Working on bespoke streambuf implementation. After diving into details of iostream/streambuf apis, Here's a list of observations/complaints:

1. istream.read() doesn't report the number of bytes/chars read.

Instead of:

istream & istream::read (char_type * s, std::streamsize count);

I'd prefer signature

istream & istream::read (char_type * s, std::streamsize count, std::streamsize * p_gcount);

Developers are expected to use.

std::streamsize istream::gcount () const;

I think this is inferior, since relies on state held by istream, that will be discarded on next read operation.

2. istream.read(s, n) expects always to read n chars.

It sets failbit if less than n chars read.

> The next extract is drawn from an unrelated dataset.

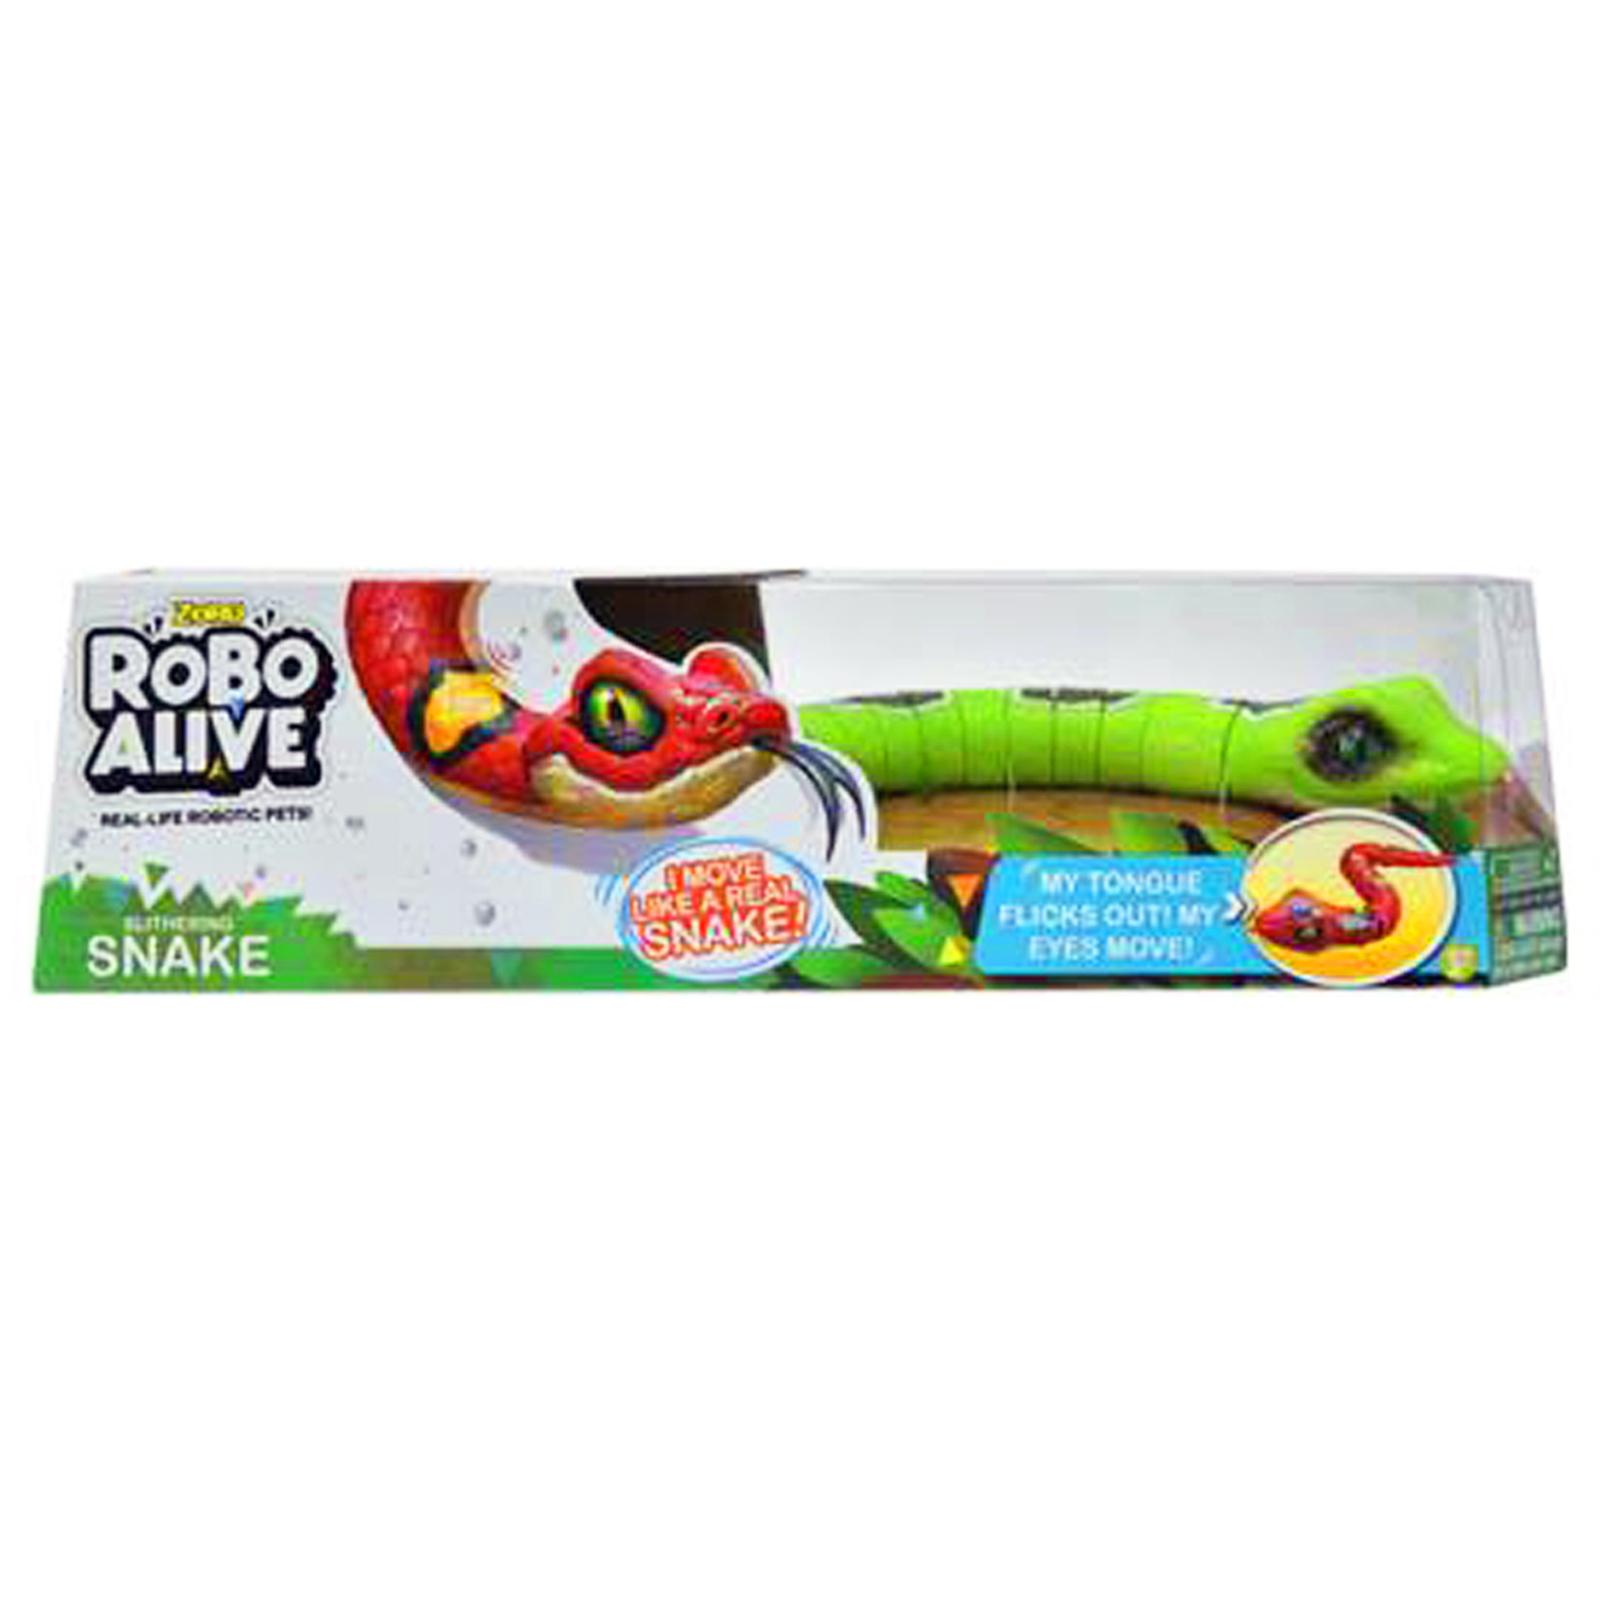 Zuru Green Robo Alive Robotic Snake Toy Pet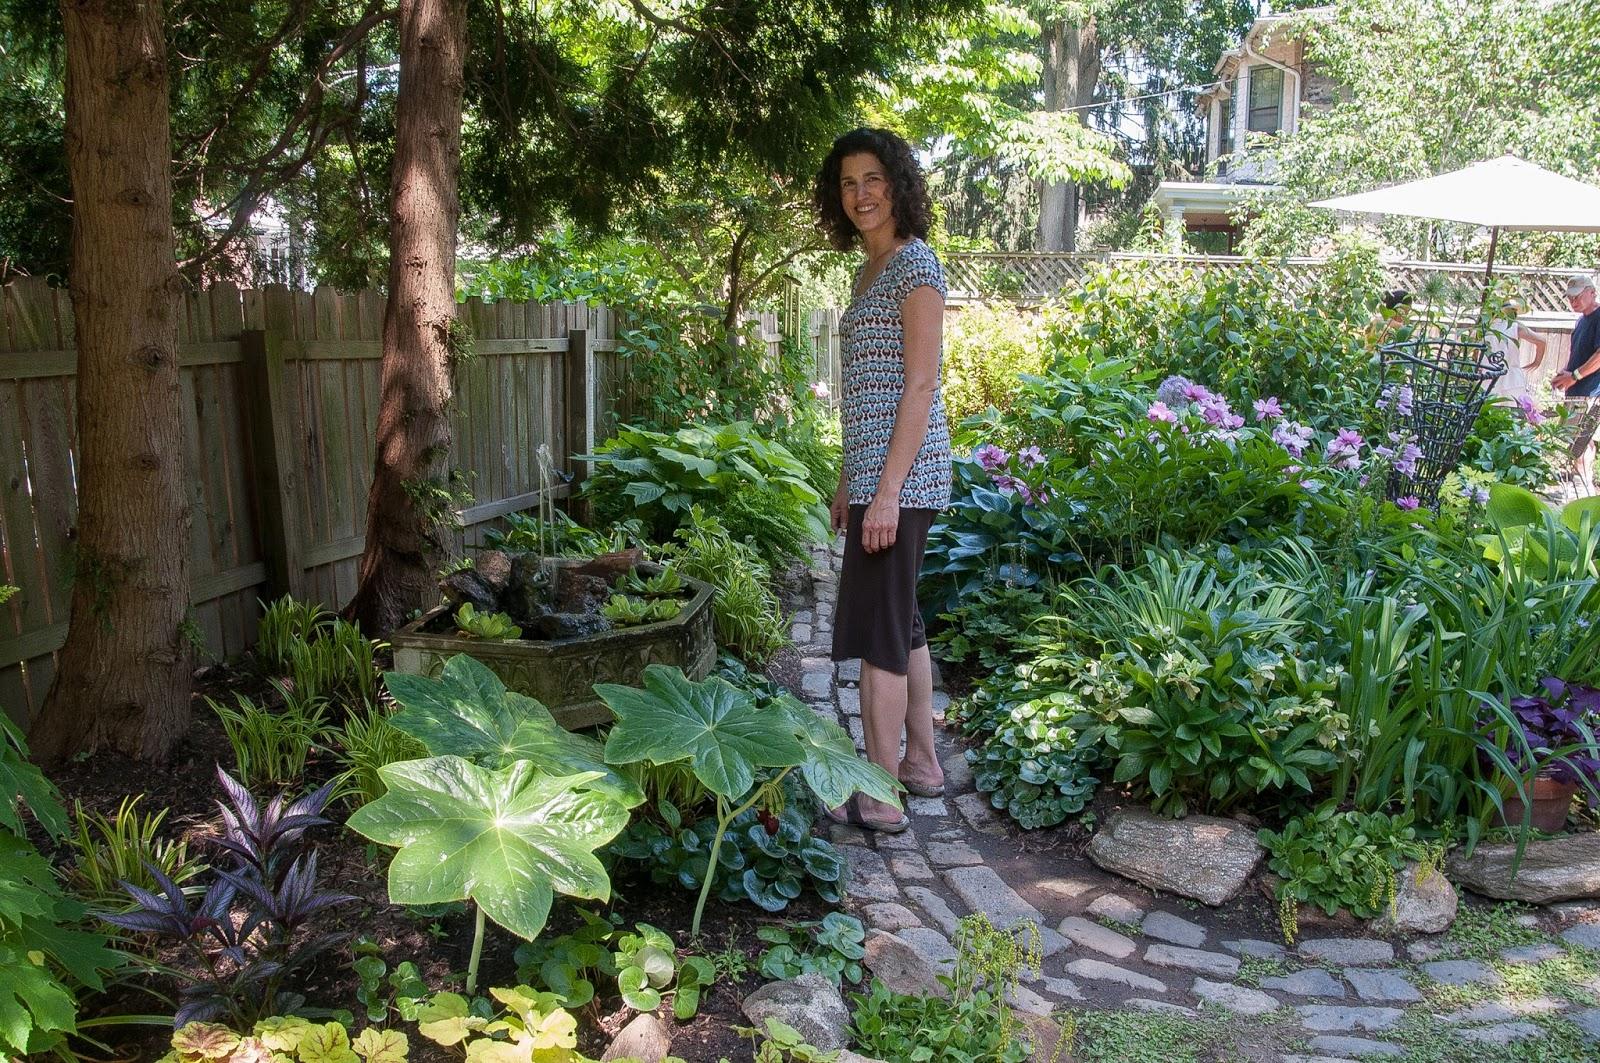 mt airy learning tree hidden gardens tour june 4 nw philadelphia - Hidden Garden

Apparent alternatives are unsatisfactory:

  1. istream & readsome(s, n) isn't required to do any physical i/o; instead reports what's available already in memory
  2. istream & get(s, n, delim) only reads up to first occurence of delim.
  3. istream & get(s, n) is just a convenience for istream::get(s, n, '\n').
  4. could try writing a loop using combination of istream::sync(), istream::readsome(), but that won't work if istream is actually unbuffered.
  5. istream s; s.rdbuf()->sgetn(s, n) bypasses istream code for sentry object etc, and can't set istream's eofbit.

The following workaround is viable, except that it will read one-byte-at-a-time if input alternates between bytes values '\x0' and '\xff':

template<typename istream>
std::streamsize
read_upto(istream & in, istream::char_type * s, std::streamsize n)
{
    std::streamsize n_read = 0;

    constexpr char c_bits = '\x0'; /*any char value will do here*/

    char delim = c_bits;

    for (; in.good() && !in.eof() && (n_read < n); delim = delim ^ '\xff') {
        // each iteration alternates between {c_bits, ~c_bits} as delimiter,
        // so guarantees at least one byte progress every two iterations

        in.get(s, n, delim);

        std::streamsize nr = in.gcount();
        if (nr > 0) {
            n_read += nr;
            s += nr;
        }
    }

    return n_read;
}

I'd prefer to support this behavior (without the performance-accident-waiting-to-happen) directly from istream.

Another strategy is to use istream::peek() to check for input and istream::readsome() to fetch it

template<typename istream>
std::streamsize
read_upto(istream & in, istream::char_type * s, std::streamsize n)
{
    std::streamsize n_read = 0;

    while (in.good() && !in.eof() && (n_read < n))) {
        in.peek();   /* ensure at least one byte available in streambuf */

        std::streamsize nr = in.readsome(s + n_read, n - n_read);

        n_read += nr;
    }
}

This works if streambuf actually does buffering. It may be very slow if streambuf is unbuffered.

istream::sentry looks interesting, but doesn't do any reading (except to possibly skip whitespace).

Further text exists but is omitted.